Re: [HACKERS] Re: Reusing abbreviated keys during second pass of ordered [set] aggregates

Peter Geoghegan Sat, 10 Oct 2015 18:03:53 -0700

On Fri, Sep 25, 2015 at 2:39 PM, Jeff Janes <jeff.ja...@gmail.com> wrote:
> This needs a rebase, there are several conflicts in 
> src/backend/executor/nodeAgg.c


I attached a revised version of the second patch in the series, fixing
this bitrot.

I also noticed a bug in tuplesort's TSS_SORTEDONTAPE case with the
previous patch, where no final on-the-fly merge step is required (no
merge step is required whatsoever, because replacement selection
managed to produce only one run). The function mergeruns() previously
only "abandoned" abbreviated ahead of any merge step iff there was
one. When there was only one run (not requiring a merge) it happened
to continue to keep its state consistent with abbreviated keys still
being in use. It didn't matter before, because abbreviated keys were
only for tuplesort to compare, but that's different now.

That bug is fixed in this revision by reordering things within
mergeruns().
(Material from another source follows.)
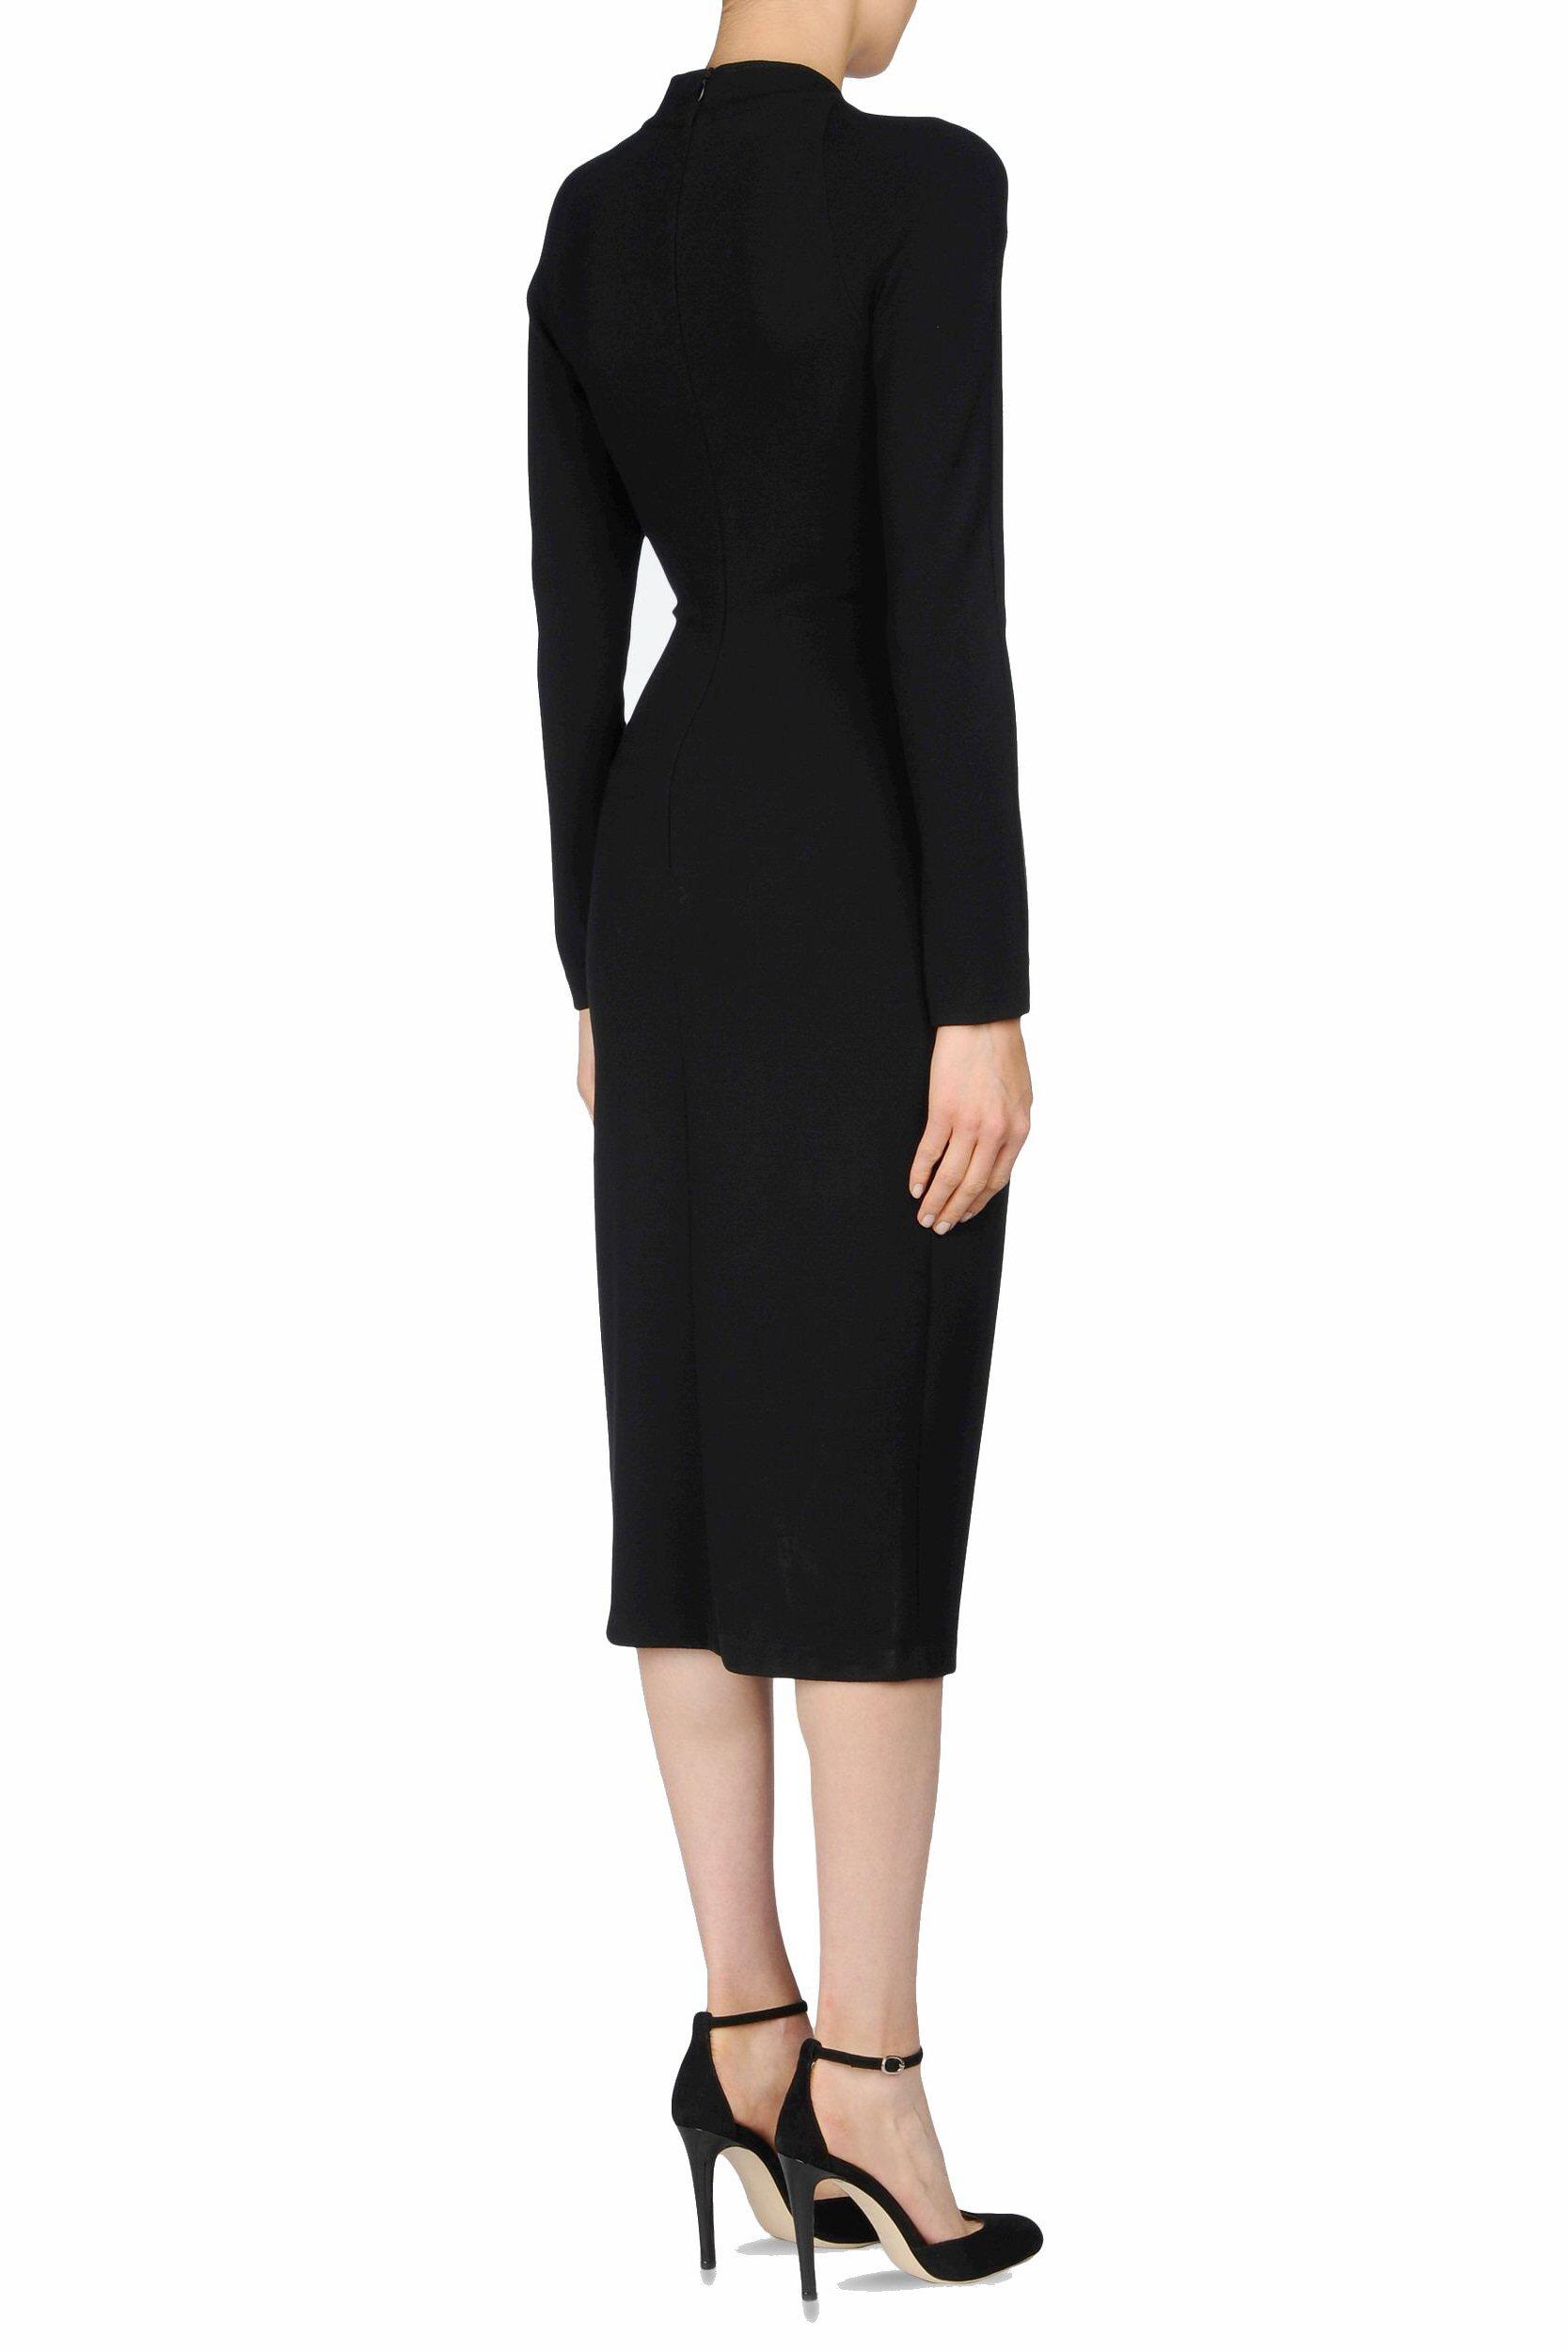 Armani Workwear 16-43

The previous order of the two things that were switched
is not at all significant (I should know, I wrote that code).

Thanks
-- 
Peter Geoghegan

From a82f0f723e1f5206d9c19b1b277acc0625aa54b1 Mon Sep 17 00:00:00 2001
From: Peter Geoghegan <peter.geoghega...@gmail.com>
Date: Mon, 6 Jul 2015 13:37:26 -0700
Subject: [PATCH 2/2] Reuse abbreviated keys in ordered [set] aggregates

When processing ordered aggregates following a sort that could make use
of the abbreviated key optimization, only call the equality operator to
compare successive pairs of tuples when their abbreviated keys were not
equal.  Only strict abbreviated key binary inequality is considered,
which is safe.
---
 src/backend/catalog/index.c            |  2 +-
 src/backend/executor/nodeAgg.c         | 20 ++++++---
 src/backend/executor/nodeSort.c        |  2 +-
 src/backend/utils/adt/orderedsetaggs.c | 33 ++++++++++-----
 src/backend/utils/sort/tuplesort.c     | 74 +++++++++++++++++++++++-----------
 src/include/utils/tuplesort.h          |  4 +-
 6 files changed, 93 insertions(+), 42 deletions(-)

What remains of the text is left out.